Question: What is the difference between the planned Wikidata query service and the proposed Wikidata Toolkit?
Answer: First, let me assure you that a Wikidata query service is coming. This has been an important project for a while now and a lot of work in that direction is under way. My proposal neither replaces nor prepares or supersedes this; they are just two different things.
The proposed toolkit is meant to support developers who want to work on the data. A basic requirement to do this will be to run some forms of queries, so this should somehow be supported. However, it is not clear yet what form these queries should take. I am definitely interested in features that resemble the "tree" feature in Magnus's Wikidata Query (a kind of transitive closure over properties). This is something that is not currently planned for Wikidata, and indeed it requires a type of recursion that is best implemented in memory (like Magnus does) but hard to get done efficiently if you delegate queries to MySQL (as Wikidata does). I am also interested in constraints and in rules (again, Magnus has some precedence for this in his Reasonator and bot proposals). This, too, will require some form of recursion which is very hard to realise on a relational DB (I tried it; others tried it; it just does not get anywhere near the performance of in-memory systems, even on large data, whether you use MySQL or Oracle).
Running some operation on data recursively is quite natural when you are in a programming environment and your data is in a data structure. I would like the Wikidata Toolkit to support this way of handling data. This is very far from a (complex or easy) query language that captures all possible queries in one general format. Of course there are query languages that support regular expressions on binary relations (so-called path queries), and there are also query languages with recursion (e.g., Datalog), but my goal is not to create a service for one such language. One could do that on top of the Toolkit for more than one query language.

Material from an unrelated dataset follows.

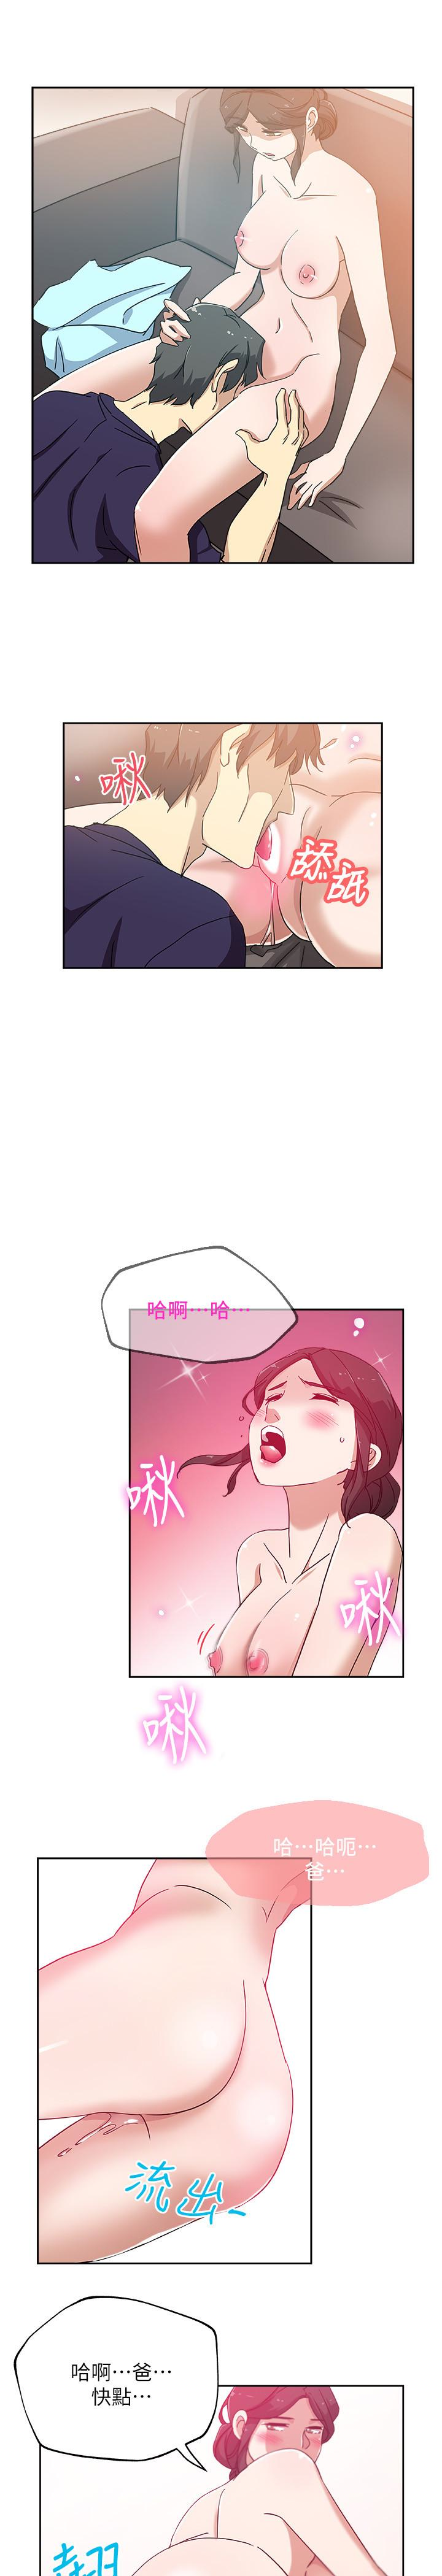 韩国污漫画 新媳婦 第17话-媳妇的甜蜜滋味 8

Besides all this querying, there are also some other tasks that are hard to phrase as a query but are rather a kind of computational analysis. You might want to do this in a programming language, or you might just want to use the Toolkit to export a large matrix file that you can feed into R or Matlab. Again, this is not something you would get from the query service, even though you might need queries to get the data you need.
Now compared to this, the Wikidata plans are much more focussed and (for this particular task) much more advanced than my proposal (which proposes to start the work by working out what to do, see Task T1 ;-). The plans for Wikidata are based on a language in the style of SMW's #ask, i.e., a language where you have neither JOINs nor variables explicitly -- instead, JOINS are implicit and "tree-shaped", i.e., there are no cyclic relationships. A simple example of a query that is not tree-shaped is "which people who were born in the same town that they died in?" another is "which people are the child of married parents?". Neither of these can be asked in SMW. There are many other features where query languages can differ. It is clear to me that the requirements should not all be satisfied by a single Wikidata query service -- that would probably lead to a rather bloated and inefficient service, too. Instead, Wikidata will focus on the most important Wikipedia-based use cases first. The Toolkit should be "compatible" with Wikidata's query support (maybe even have a representation for Wikibase query objects), but it should also allow to explore other query types.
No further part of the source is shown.